В этом-то и суть Киплинга: сильнейшие Запада и Востока должны слиться; пестрота, цветущая горизонталь Востока должна слиться с вертикалью Запада. И, кстати говоря, ведь христианство (во всяком случае, нынешнее христианство) – это и есть синтез. Отсюда столь распространённая и столь модная идея, что часть своей жизни Христос провёл в паломничестве в Индию, где многое взял. Это, конечно, идея совершенно бредовая, как мне кажется, но она популярна, и популярна не зря.
Я давно говорил о том, что есть два взаимосвязанных (хотя авторы друг о друге, я думаю, не знали) и два противопоставленных текста – «Мцыри» и «Маугли». И даже сходное количество букв и сходные сами по себе буквы указывают нам на типологическое сходство. Там те же самые темы, три инициации: лесом, зверем (там Шерхан, здесь барс) и женщиной («Грузинка узкою тропой // Сходила к берегу»). Но дело в том, что интенции этих текстов абсолютно противоположные, потому что Лермонтов шёл на Восток учиться, а Киплинг идёт на Восток учить. Мысль Киплинга: западная культура – культура рыцарства, культура конкистадорства – должна прийти на Восток и оплодотворить его, потому что Восток неподвижен.
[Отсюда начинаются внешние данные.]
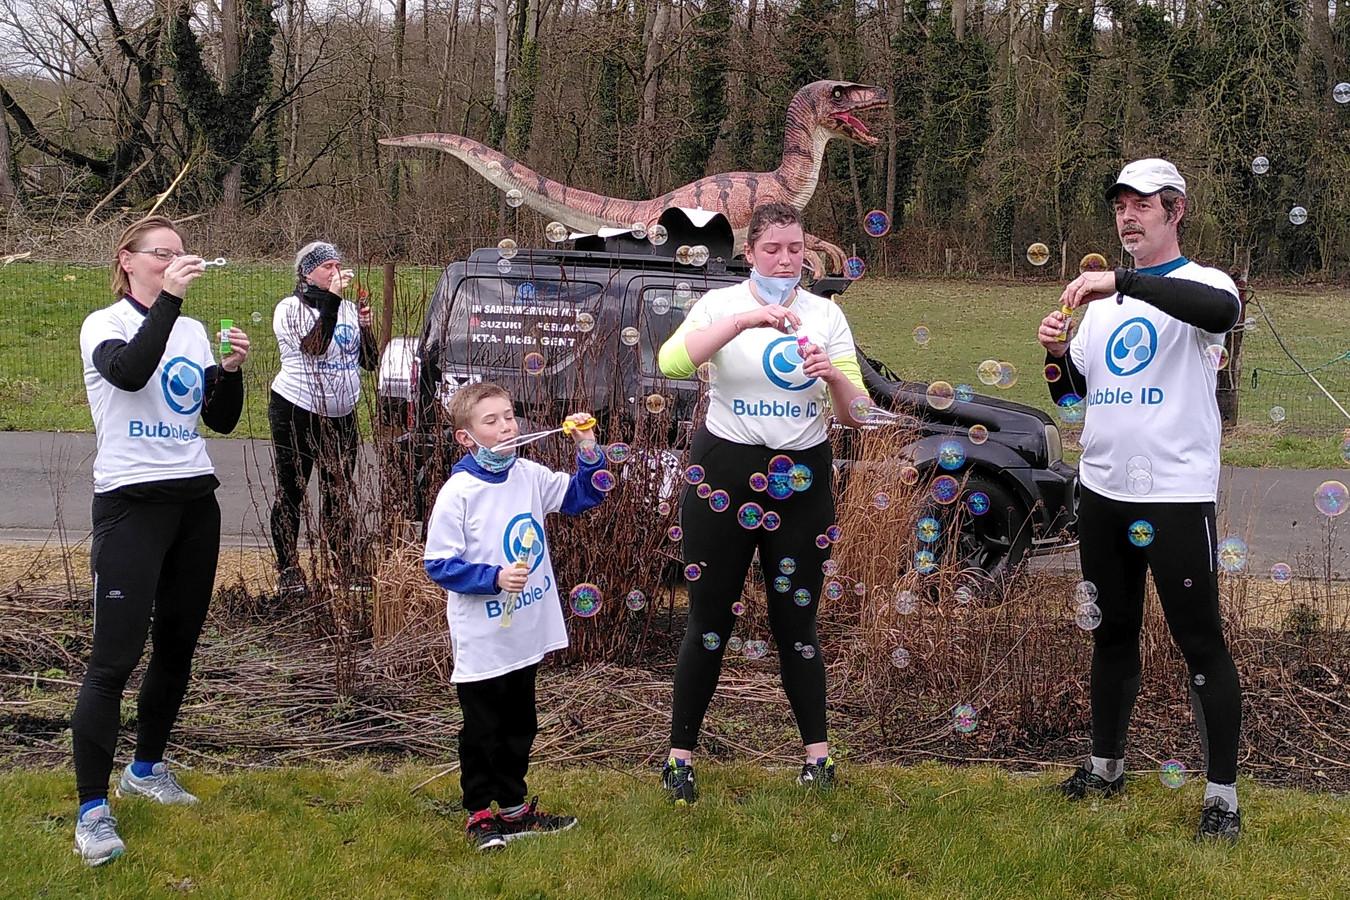 Nadat Jan (rechts op de foto) zijn 10 mijl liep had hij nog voldoende zuurstof om zeepbellen te blazen voor Bubble ID.
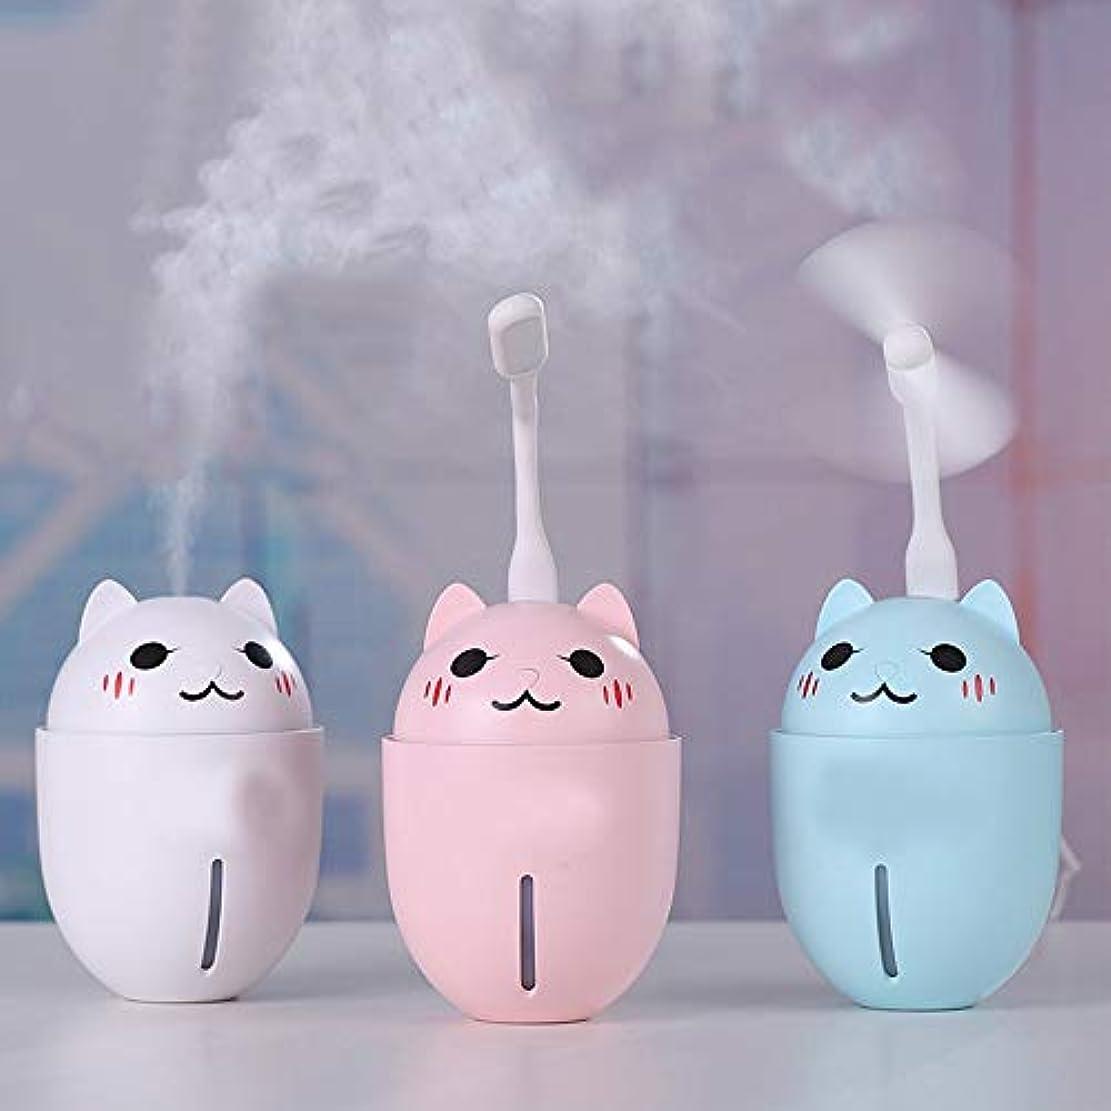 メロンボトルネックサイクロプスZXF 新しいクリエイティブかわいいペット猫加湿器家庭用電化製品3つ1つでミニusb水道メーターファンナイトライトブルーピンクホワイト 滑らかである (色 : Pink)

Михаил Щербаков в своей «Восточной песне» очень точно пишет:
Мы увянем, нас остудит
Время – и возьмёт могила;
Там же будет
Всё, как было.
Восток действительно даже не цикличен, а точечен. Он как-то замер в развитии своём. Он бесконечно богат, пёстр, разнообразен, но идея покоя сделала его развитие слишком инерционным – Восток замер. А Запад с его динамикой, с его идеей захвата, экспансии и развития должен прийти туда.
И, конечно, «Маугли» (собственно говоря, «The Jungle Book» – «Книга джунглей», первая и вторая) – это абсолютно автобиографическое произведение. Мальчик-лягушонок в диких джунглях – это Киплинг в пленительном лесу индийской, бенгальской, буддийской веры; это Киплинг в лесу какого-то непостижимо прекрасного, пёстрого мировоззрения, в какой-то жаркой цветущей ночи. И западный человек, пришедший в цветущую ночь Востока, – это и есть киплинговская главная тема.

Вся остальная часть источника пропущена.